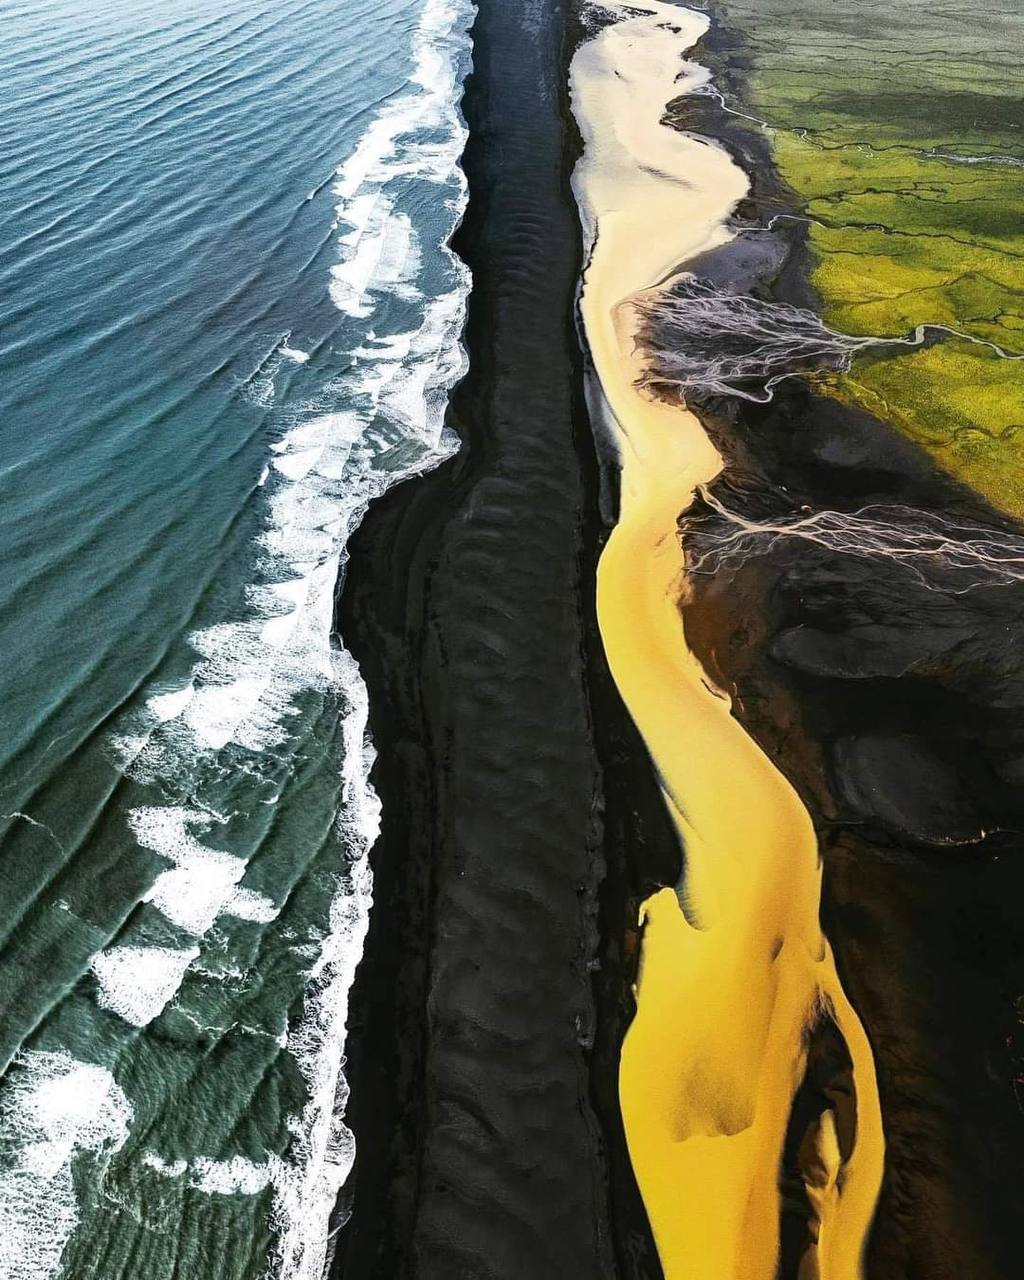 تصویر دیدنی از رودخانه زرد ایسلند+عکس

--

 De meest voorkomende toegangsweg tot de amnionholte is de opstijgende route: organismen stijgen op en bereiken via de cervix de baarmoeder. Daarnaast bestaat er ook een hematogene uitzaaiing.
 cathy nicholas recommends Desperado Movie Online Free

| Exercise prompt |
Please give an exact copy of the entries above, from the line with "De meest voorkomende" down to the line with "cathy nicholas recommends", inclusive, and nothing else.

| Result |
 De meest voorkomende toegangsweg tot de amnionholte is de opstijgende route: organismen stijgen op en bereiken via de cervix de baarmoeder. Daarnaast bestaat er ook een hematogene uitzaaiing.
 cathy nicholas recommends Desperado Movie Online Free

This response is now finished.